Die Zentralbanker bleiben stur

Europäische Zentralbank lässt die Zinsen bei 3,25 Prozent. Furcht vor Inflation und steigenden Ölpreisen, Konjunktur nicht so wichtig. Kritik von Wirtschaftsforschern. Die US-Notenbank senkt die Zinsen dagegen auf das niedrigste Niveau seit 41 Jahren

von HANNES KOCH

Die rot-grüne Bundesregierung hätte eine gute Nachricht durchaus gebrauchen können. Doch die Europäische Zentralbank wollte dem Drängen aus Politik und Wirtschaftsforschung nicht nachgeben. EZB-Präsident Wim Duisenberg erklärte gestern in Frankfurt am Main, dass die Zinsen nicht gesenkt werden. Sie bleiben bei 3,25 Prozent.

Würden die Zinsen der Zentralbank fallen, könnten sich die Geschäftsbanken dort zu geringeren Kosten mit Geld versorgen. Kredite an Firmen und Privathaushalte werden billiger, Investitionen nehmen zu, die Wirtschaft gewinnt an Schwung. Auf diese Entwicklung hofften die rot-grünen Finanz- und Wirtschaftspolitiker. Sie stehen vor gigantischen Löchern in den öffentlichen Haushalten, die wegen des geringen Wachstums weiter aufreißen. Auch durch das hohe Zinsniveau gerät die gesamte Wachstums- und Finanzplanung für 2003 in Gefahr.

Sprecher von Bundesfinanzminister Hans Eichel (SPD) wollten die Entscheidung der EZB gestern nicht kommentieren. Das Deutsche Institut für Wirtschaftsforschung (DIW) kritisierte dagegen den unterbliebenen Zinsschritt. Die schwache Konjunktur mache es erforderlich, die Zentralbankzinsen zu reduzieren, erklärte DIW-Ökonom Andreas Cors.

Für die Zentralbanker spielte vor allem die Gefahr der zunehmenden Inflation eine Rolle. Im europäischen Durchschnitt lag sie im September zwar nur bei 2,1 Prozent, doch die Überschreitung des zulässigen Haushaltsdefizits in Portugal, Deutschland und Frankreich stimmt die Währungshüter nicht gerade optimistisch darin, dass den Regierungen die Geldwertstabilität am Herzen liegt. Außerdem befürchtet die EZB steigende Ölpreise infolge des möglichen Irakkrieges. Die Stabilität des Euros zu gewährleisten ist das oberste Ziel der Zentralbank.

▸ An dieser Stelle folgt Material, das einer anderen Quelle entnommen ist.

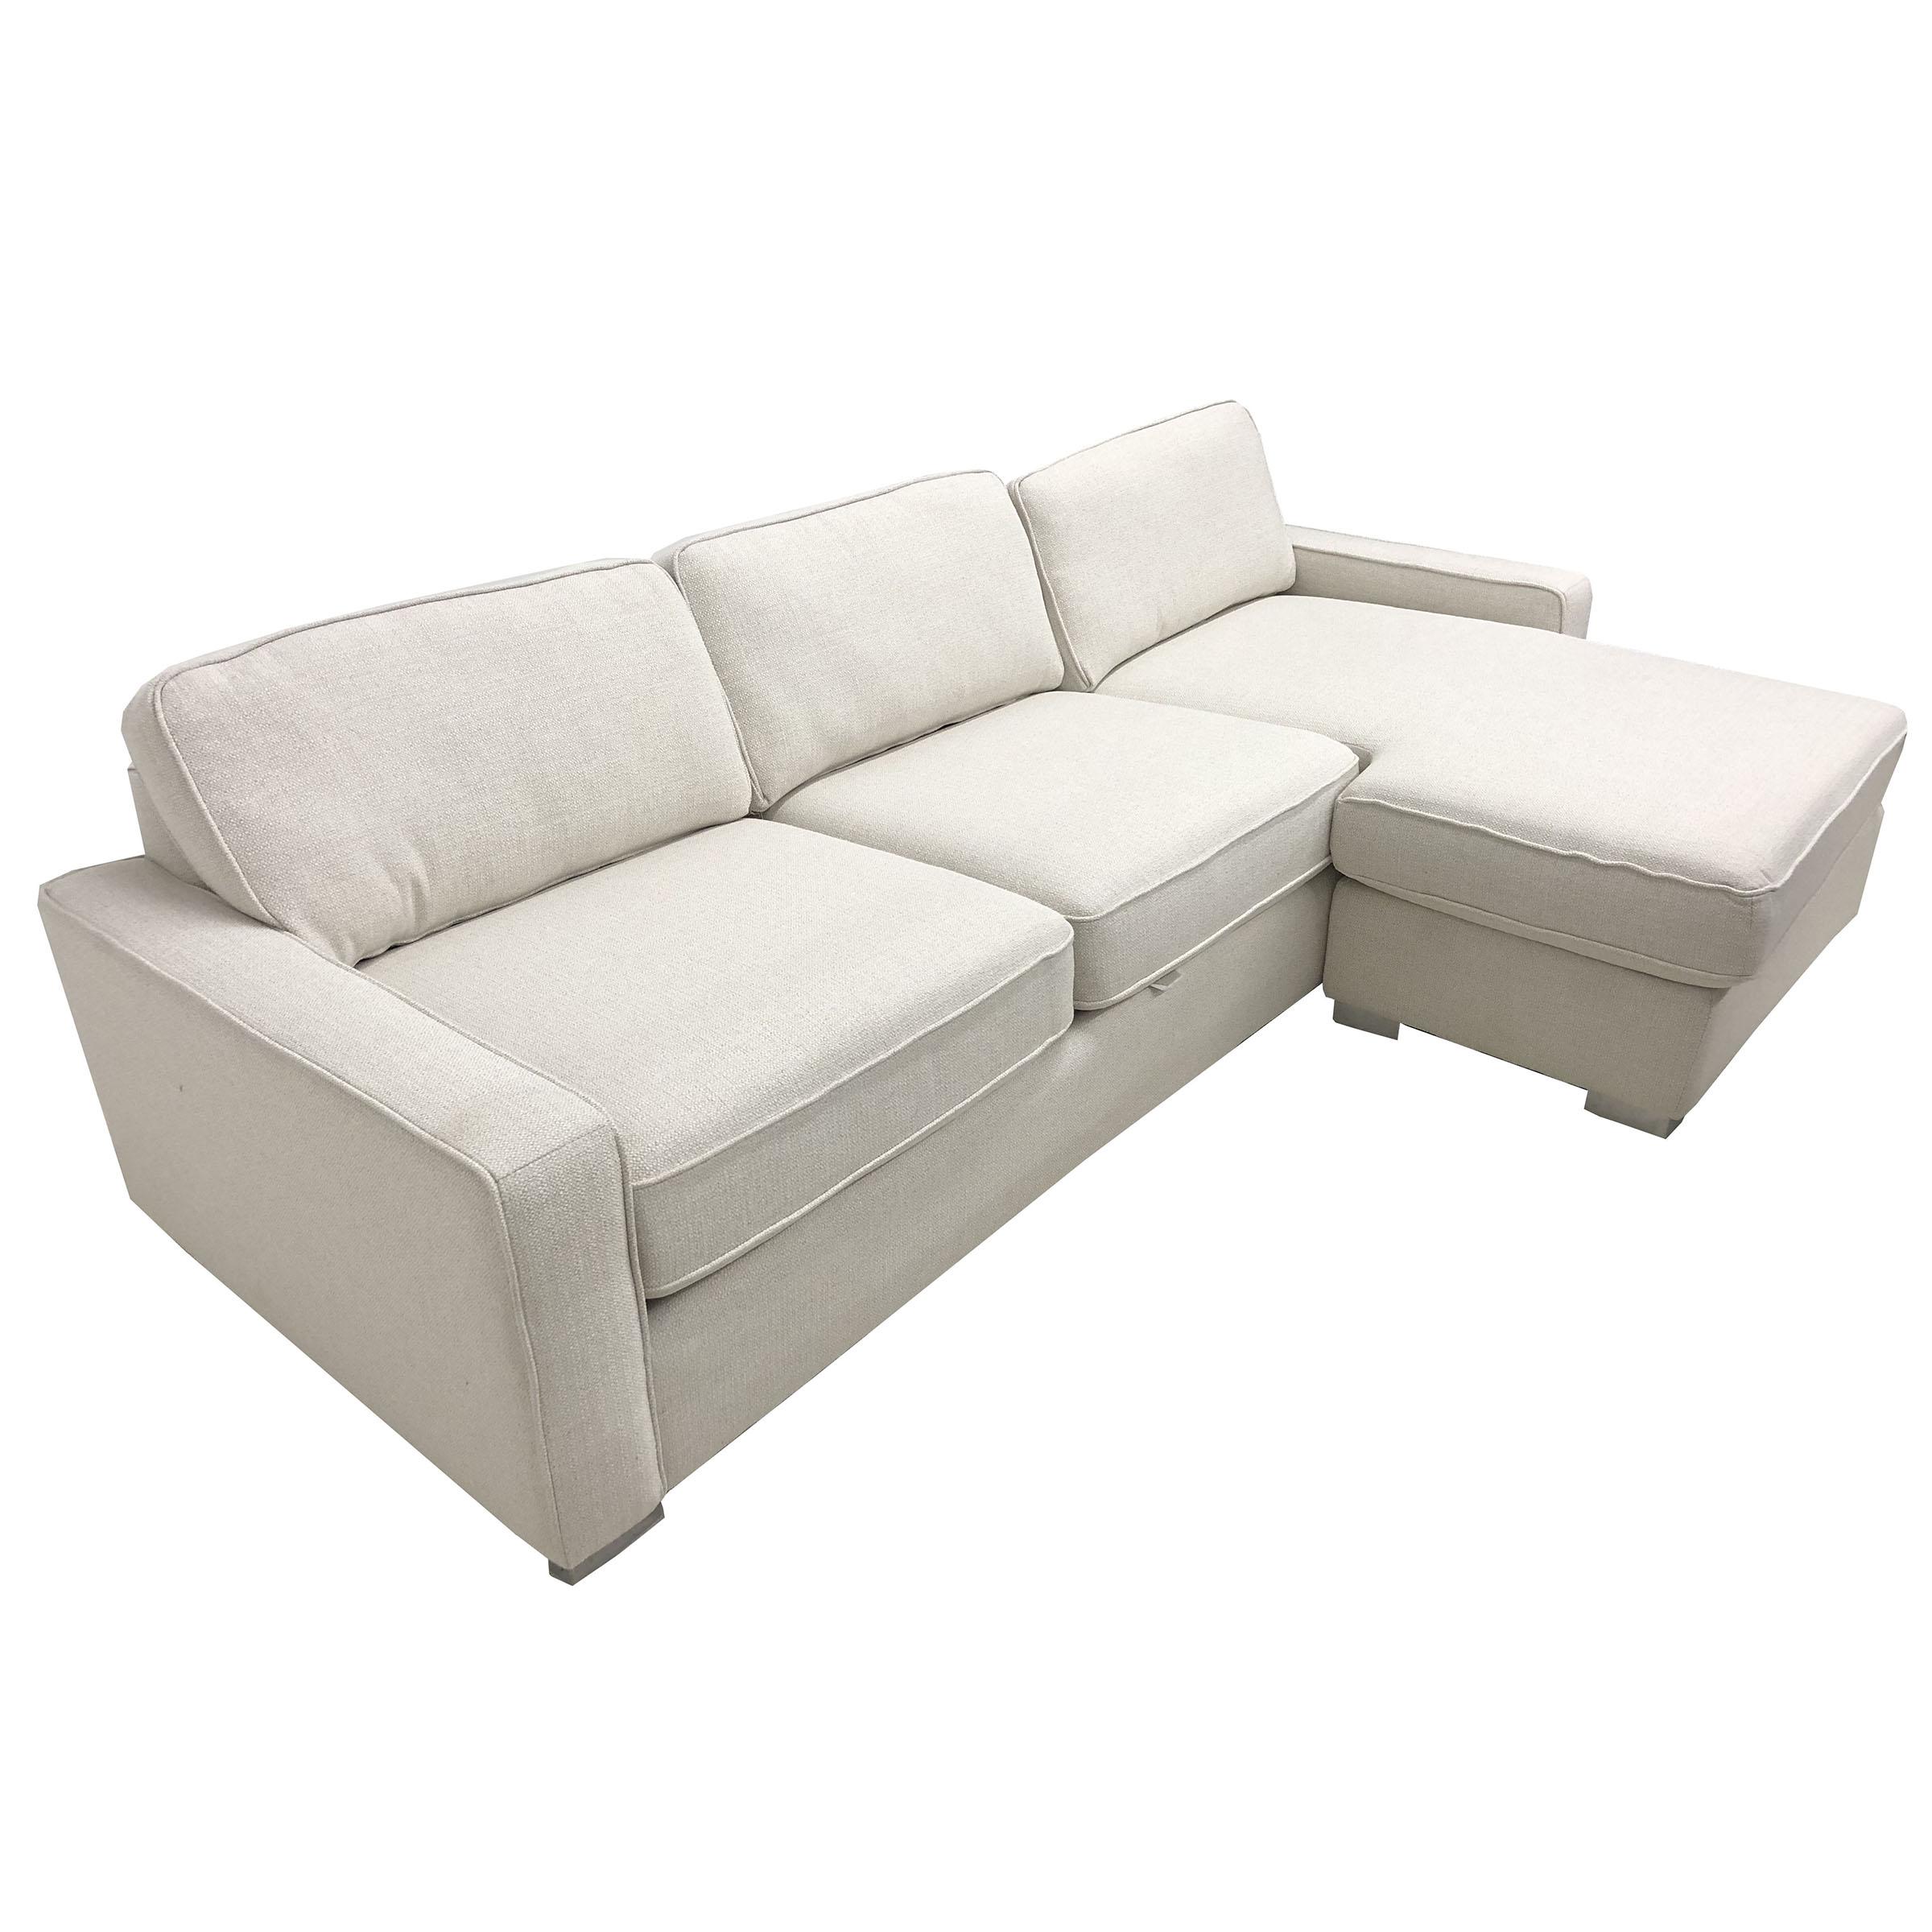 Mitch   Lux Furniture Rentals

Die EZB war unter Druck geraten, die Zinsen kurzfristig zu senken, weil die US-Notenbank Fed sich einen Tag zuvor zu diesem Schritt entschlossen hatte. Fed-Präsident Alan Greenspan reduzierte die US-Leitzinsen am Mittwoch Abend um 0,5 auf 1,25 Prozent. Dies ist der niedrigste Stand seit 41 Jahren. Die Fed hat die Kosten des Geldes seit Anfang 2001 nun insgesamt zwölfmal gesenkt. Am Ende des Booms der New Economy lag der Zinssatz noch bei 6,5 Prozent.

Die neuerliche Zinssenkung in den USA begründete die Notenbank mit der nach wie vor unbefriedigenden Wirtschaftslage. Umfragen zufolge geht das Vertrauen der Konsumenten in die ökonomische Zukunft zurück. Im Zuge des Börsencrashs der vergangenen zwei Jahre und der 11.-September-Depression waren es die privaten Verbraucher, die mit ungebremster Kauffreude die US-Wirtschaft einigermaßen am Leben gehalten hatten. Außerdem steigt gegenwärtig die Arbeitslosenquote, zuletzt auf 5,7 Prozent. Das Wirtschaftswachstum schwankt stark und liegt 2002 zwischen 2 und 3 Prozent. Als bedrohlich betrachtet die US-Notenbank auch die Gefahr eines Irakkrieges, der die Öleinfuhren verteuern und damit die Wirtschaft bremsen würde.

Nach der Entscheidung der EZB sackte der Wert des Euro unter 1 Dollar. Dann zog die europäische Währung wieder auf über 1 Dollar an. Der Deutsche Aktienindex (DAX) gab kräftig nach: Bis gestern Nachmittag fiel er um 3,02 Prozent. Zwischen schwächelnder Konjunktur, steigendem Haushaltsdefizit, Sparen und Streichen wird sich die rot-grüne Regierung also erst einmal weiter hindurchwursteln. Bis nächste Woche die – vermutlich – desaströse Steuerschätzung kommt. Dann stehen alle bisherigen Zahlen wieder in Frage.